Dockerizing our Machine Learning Model

Introduction

Deploying models from one computer to another can often lead to conflicts such as build failures, library version mismatches, and missing components. Containerization aims to solve these challenges and more.

This article explores the process of containerizing our model as a docker container.

This article is a sequel to "Productionalization of Machine Learning Models" available here. Kindly go through that article before proceeding with this one.

Brief Introduction to Docker

Docker offers a more efficient approach to system virtualization by providing a minimalistic environment that only includes the essential tools and software for running an application.

Some essential keywords when working with docker:

  1. Container: A container is a lightweight and stand-alone executable software package that includes everything needed to run a piece of software, including the code, runtime, system tools, system libraries, and settings.

  2. Image: An image is a lightweight, stand-alone, and executable software package that contains the application code, runtime, libraries, and other dependencies. It's a blueprint for creating containers.

  3. Dockerfile: A Dockerfile is a text file containing a set of instructions that are used to build a Docker image. It specifies the base image, required dependencies, environment variables, and commands to set up the image.

  4. Registry: A Docker registry is a centralized repository for storing Docker images. Docker Hub is the default public registry, but you can also set up private registries for internal use.

  5. Repository: A Docker repository is a collection of related Docker images tagged with different versions. Each repository can have multiple images, typically representing different stages or versions of an application.

In the last article, we developed and served our ML model via Flask API. Right now, let's package that app in a docker container.

Let's get to it!

  1. Firstly, ensure that you have docker installed in your system. If not, you can download it on docker's website.

  2. Let's modify our Flask API from the previous article to specify the port and host for running our app.

     .
     .
     .
     if __name__ == "__main__":
         app.run(port=80, host="0.0.0.0")
    
  3. Create a file called Dockerfile (without any extension). This file would contain some instructions needed to build our image and container.

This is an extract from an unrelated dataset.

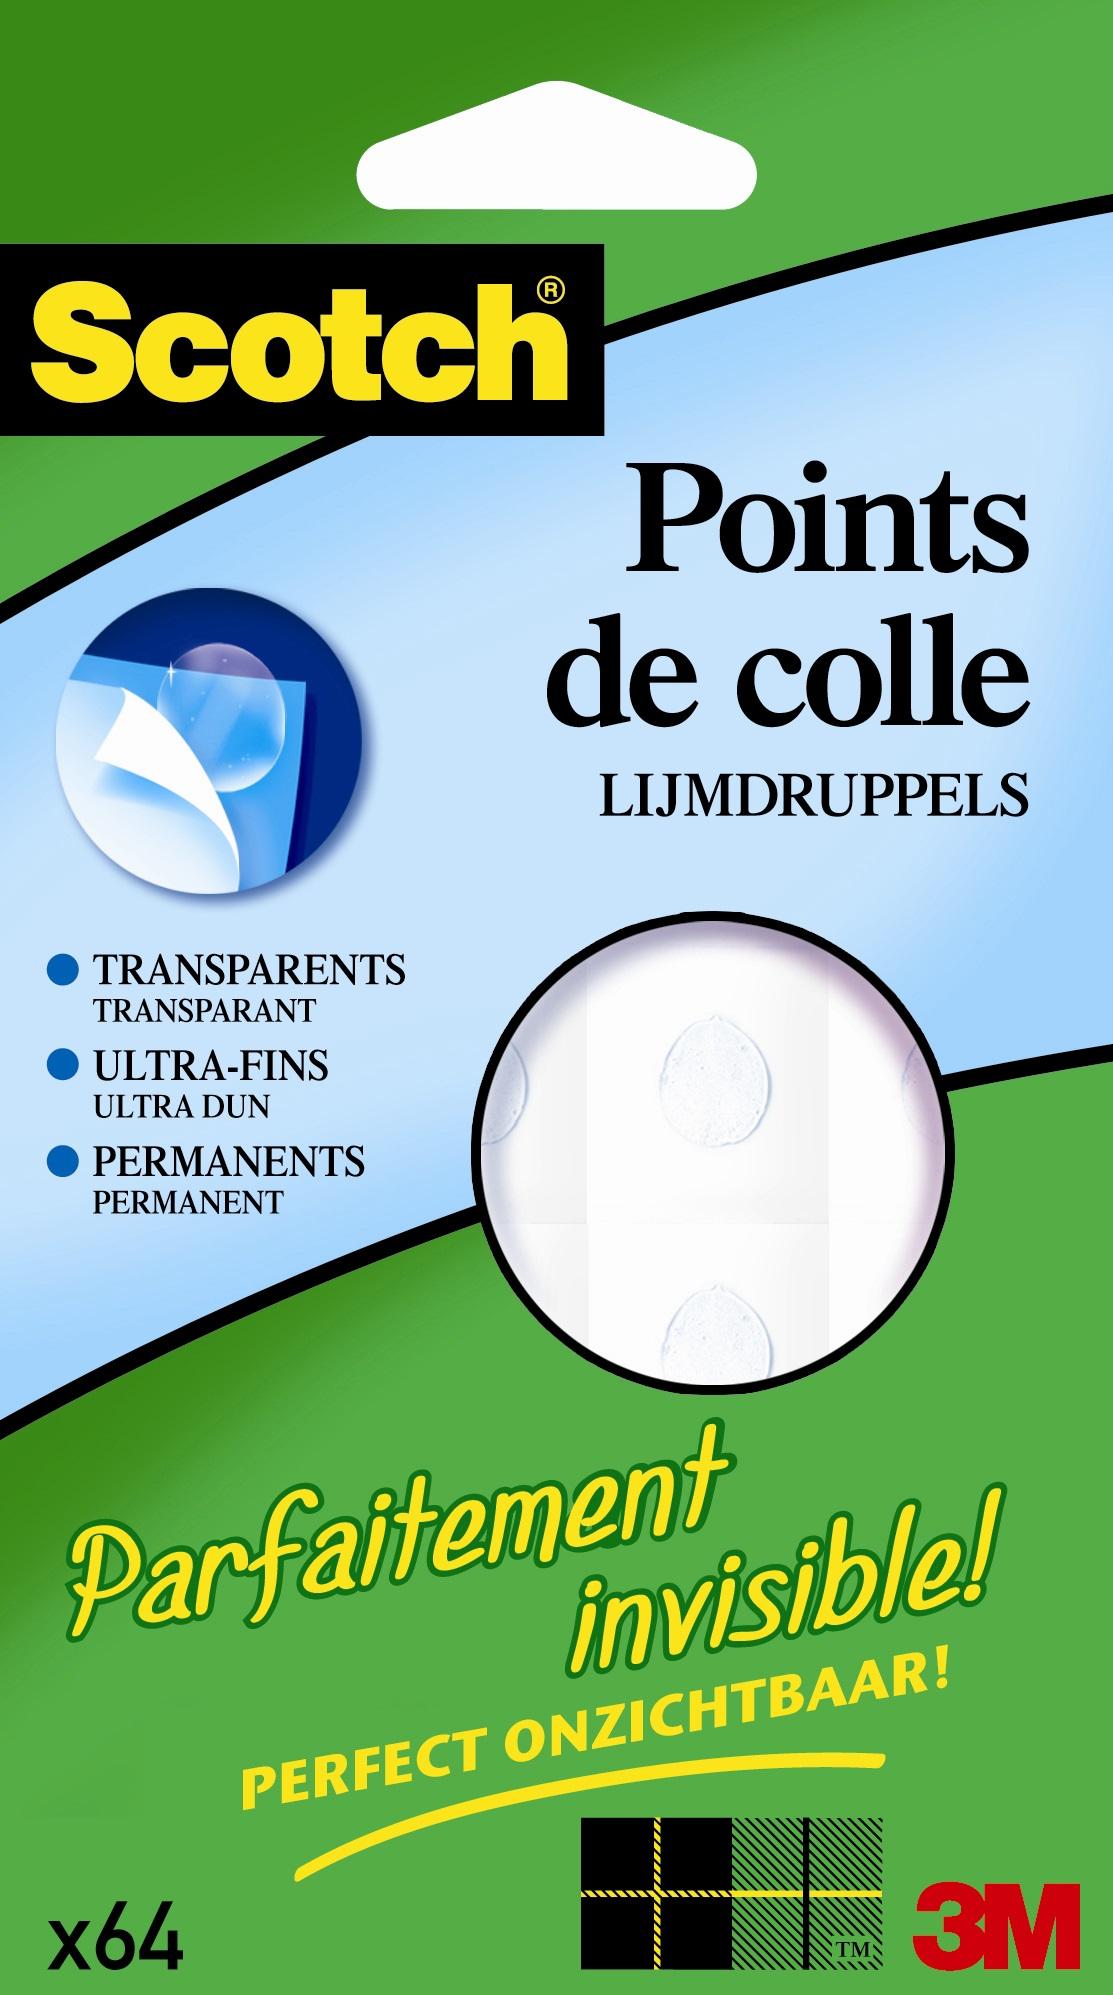 Scotch Invisible dots - Pastilles adhésives : pack de 64 pastilles
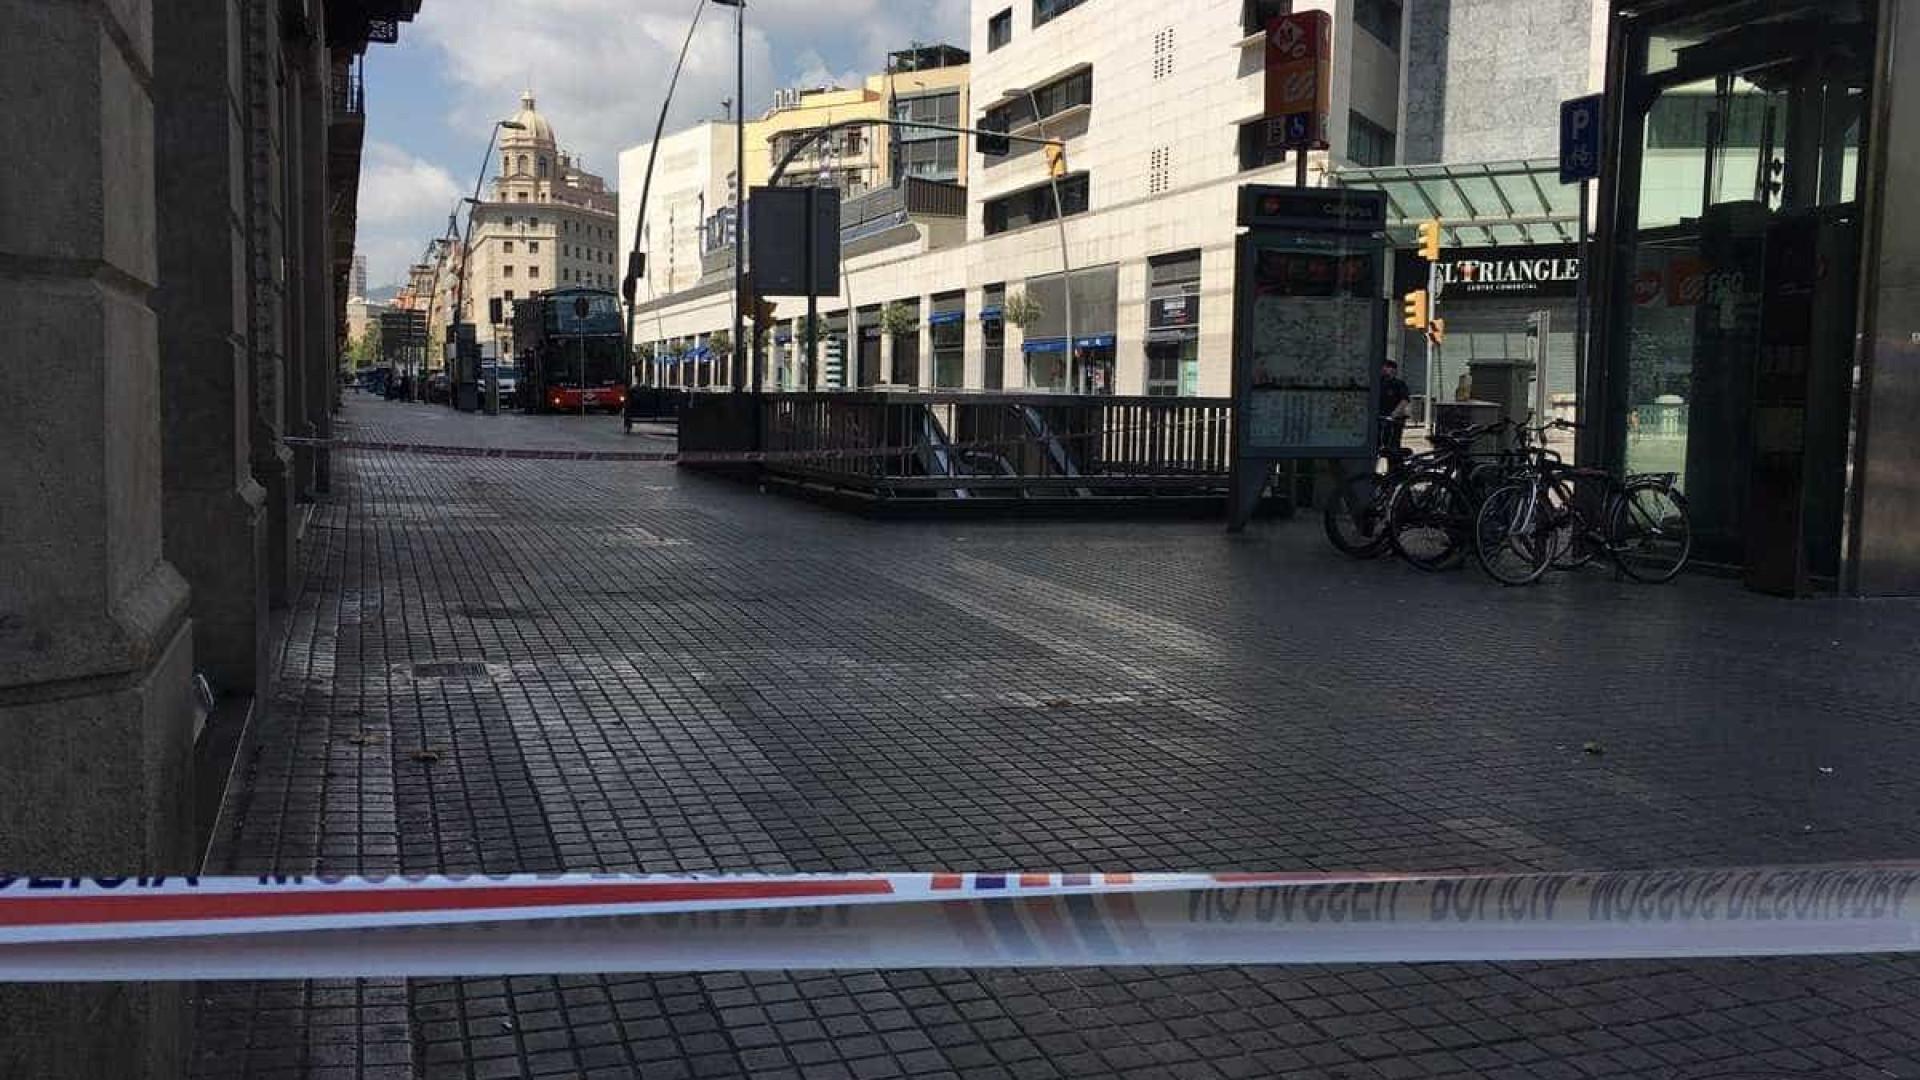 Polícia catalã evacua as Ramblas. Mochila suspeita lançou falso alarme

  4. Include the following code in the Dockerfile

     # Use an official Python runtime as a parent image
     FROM python:3.8-slim-buster
    
     # Set the working directory to /app
     WORKDIR /app
    
     # Copy the current directory contents into the container at /app
     COPY . /app
    
     # Copy the requirements.txt file into the container
     COPY requirements.txt .
    
     # Install any needed packages specified in requirements.txt
     RUN pip install --no-cache-dir -r requirements.txt
    
     # Make port 80 available to the world outside this container
     EXPOSE 80
    
     # Run app.py when the container launches
     CMD ["python", "app.py"]
    
  5. Build and Run the Docker Image:

    • Build the Docker image:

        docker build -t flask-app .
      
    • Run the Docker container:

        docker run -p 4000:80 flask-app
      

And that's it!

Testing our container

Now let's call our docker container from our client code using port 4000: http://127.0.0.1:4000.

using System;
using System.Net.Http;
using System.Net.Http.Json;
using System.Text.Json;
using System.Threading.Tasks;

class Program
{
    static async Task Main(string[] args)
    {
        // Define the API endpoint URL
        var apiUrl = "http://127.0.0.1:4000/predict";

        // Input data for prediction
        var input = new { data = new[] { 1500 } }; // Example input data (sqft_living)

        using HttpClient client = new HttpClient();
        try
        {
            var response = await client.PostAsJsonAsync(apiUrl, input);

            if (response.IsSuccessStatusCode)
            {
                var predictedPrice = JsonSerializer.Deserialize<double[]>(await response.Content.ReadAsStringAsync());
                Console.WriteLine($"Predicted Price: {string.Join(", ", predictedPrice)}");
            }
            else
            {
                Console.WriteLine("Request failed with status code: " + response.StatusCode);
            }
        }
        catch (Exception ex)
        {
            Console.WriteLine($"Error: {ex.Message}");
        }
    }
}

Here is the result:

Conclusion

We have successfully packaged our model in a docker container. The code for this tutorial is available here.